Enter 19-year-old Tony Manero, a disco-god on the dance floor on Saturday nights. He works at a paint store, hangs out with his gang of underachievers, and still lives with his parents. When one of his friends gets beaten up, they take revenge on a rival gang without verifying the facts. When Tony's brother decides to quit the priesthood, and their mother blames Tony he immediately lashes out at her saying "There! You happy? Now you have two losers for sons." But family is family, and he sobbingly apologizes. There's also the requisite love triangle between Tony, Annette and Stephanie. Annette's love for Tony is unrequited. Tony's crush on Stephanie is frustrated by the fact Stephanie wants to move up in the world, while Tony remains an unsophisticated boy destined to remain in his social caste. What brings them together? Dance. Disco-dancing to be more precise.
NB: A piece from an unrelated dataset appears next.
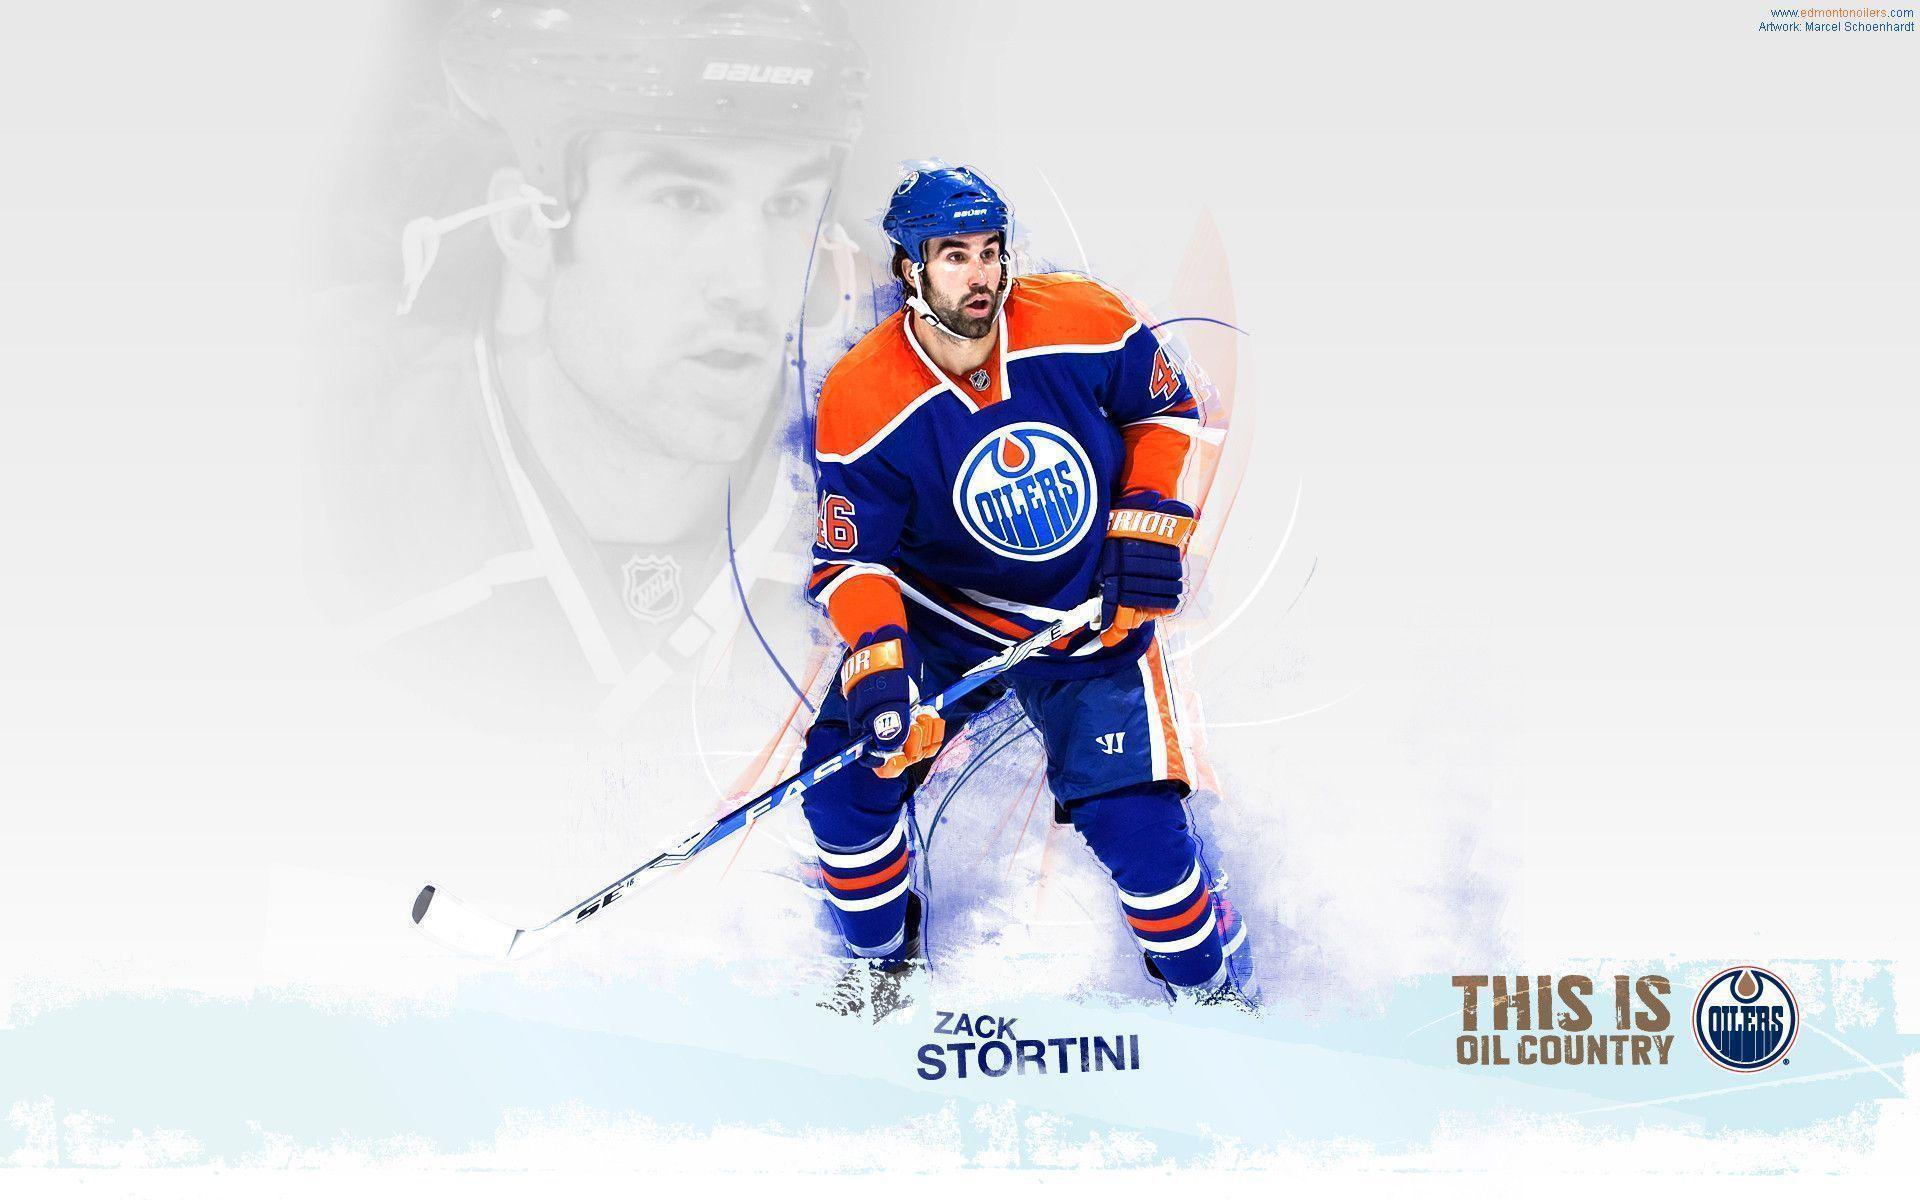 Edmonton Oilers HD image. Edmonton Oilers wallpaper
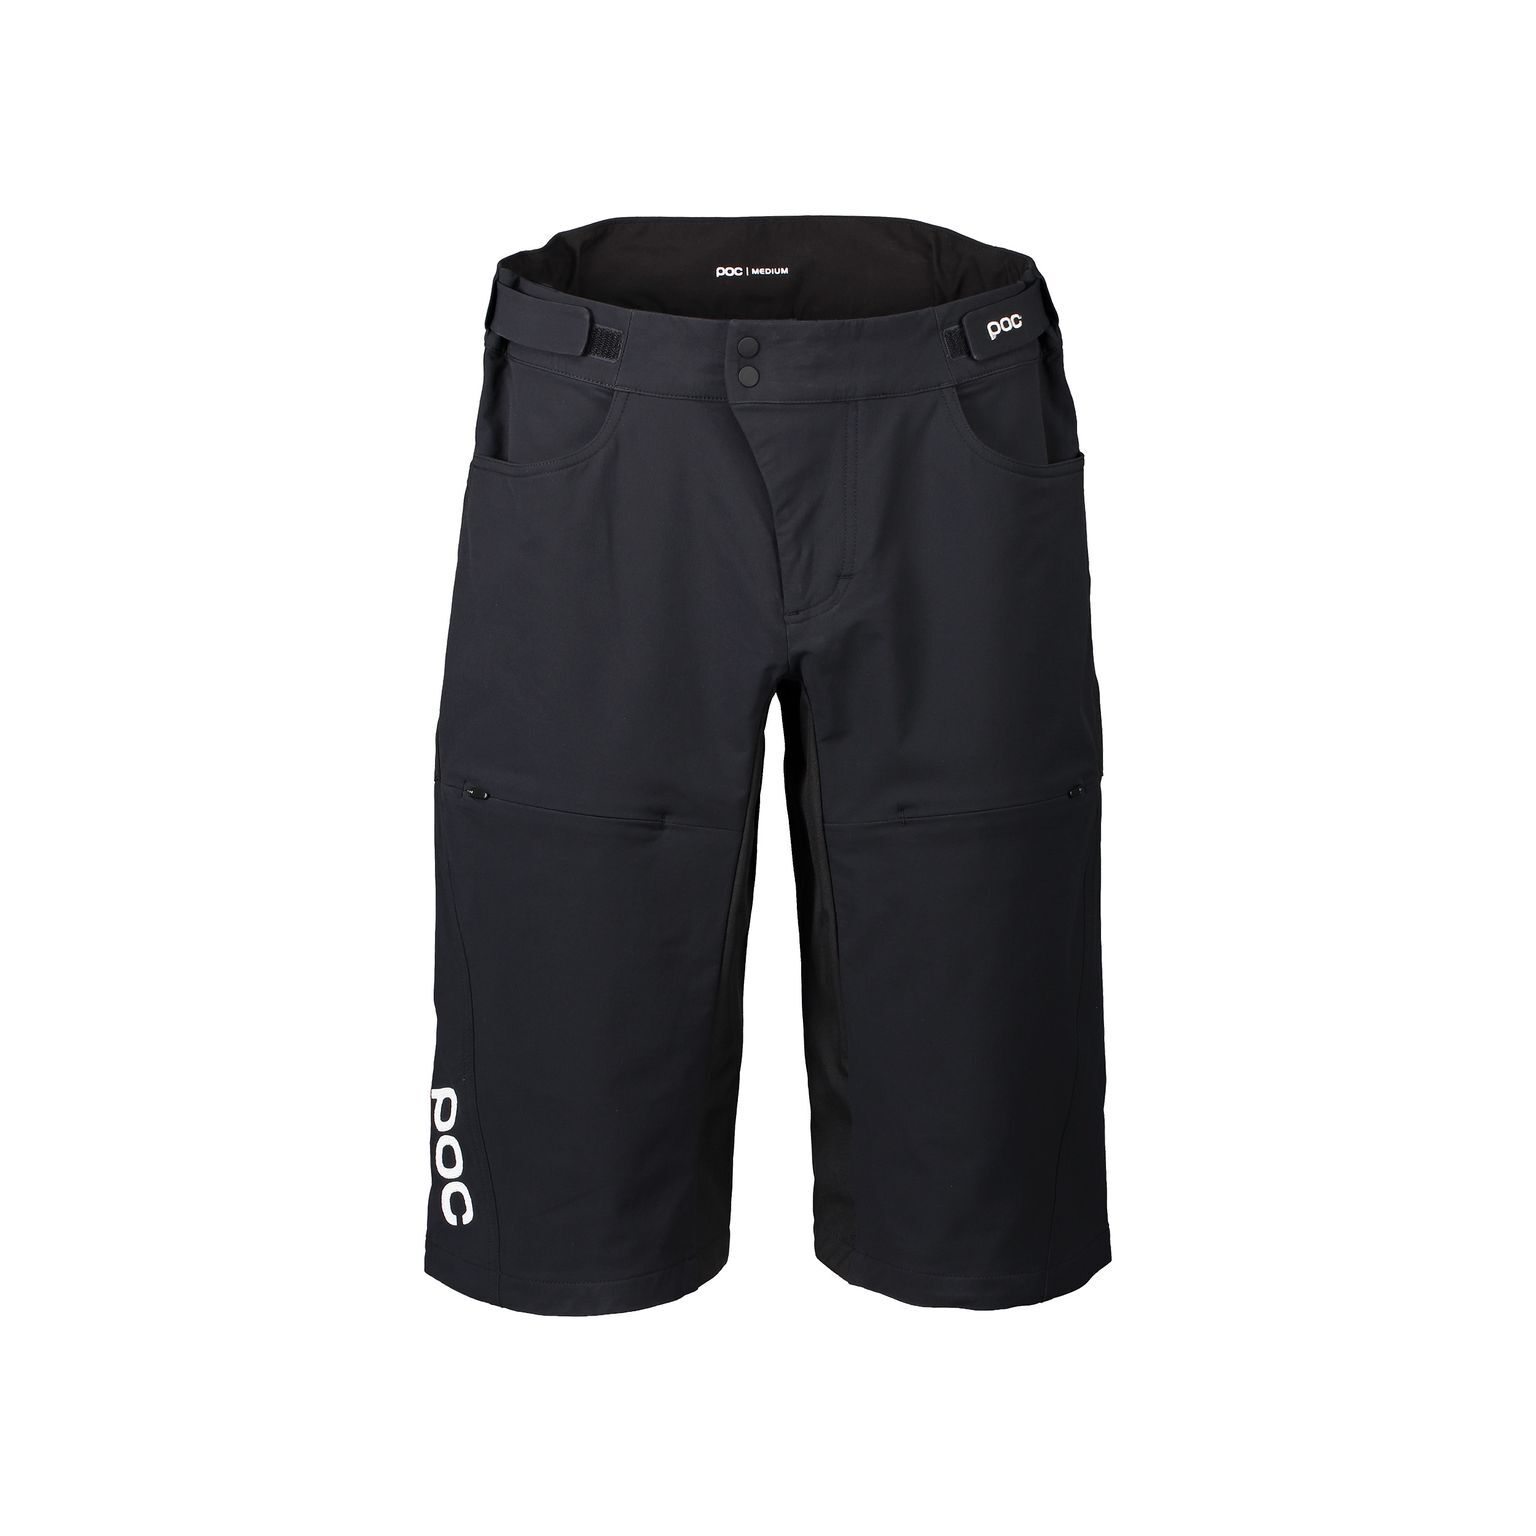 Poc Essential DH Shorts - MTB shorts - Men's

This film is probably what created the genre of dance movies like "Strictly Ballroom" and the Japanese "Shall We Dance." In all these films, the dance floor becomes a world of its own. A world far away and far different from the chaos that surrounds our protagonists' daily lives. On the dance floor, there is no social ladder to climb, no enemies to beat up, no worries to weigh them down. Yet at the same time, it isn't the real world. And it only exists between 5 minute intervals of song.
In the real world, people look up to Tony.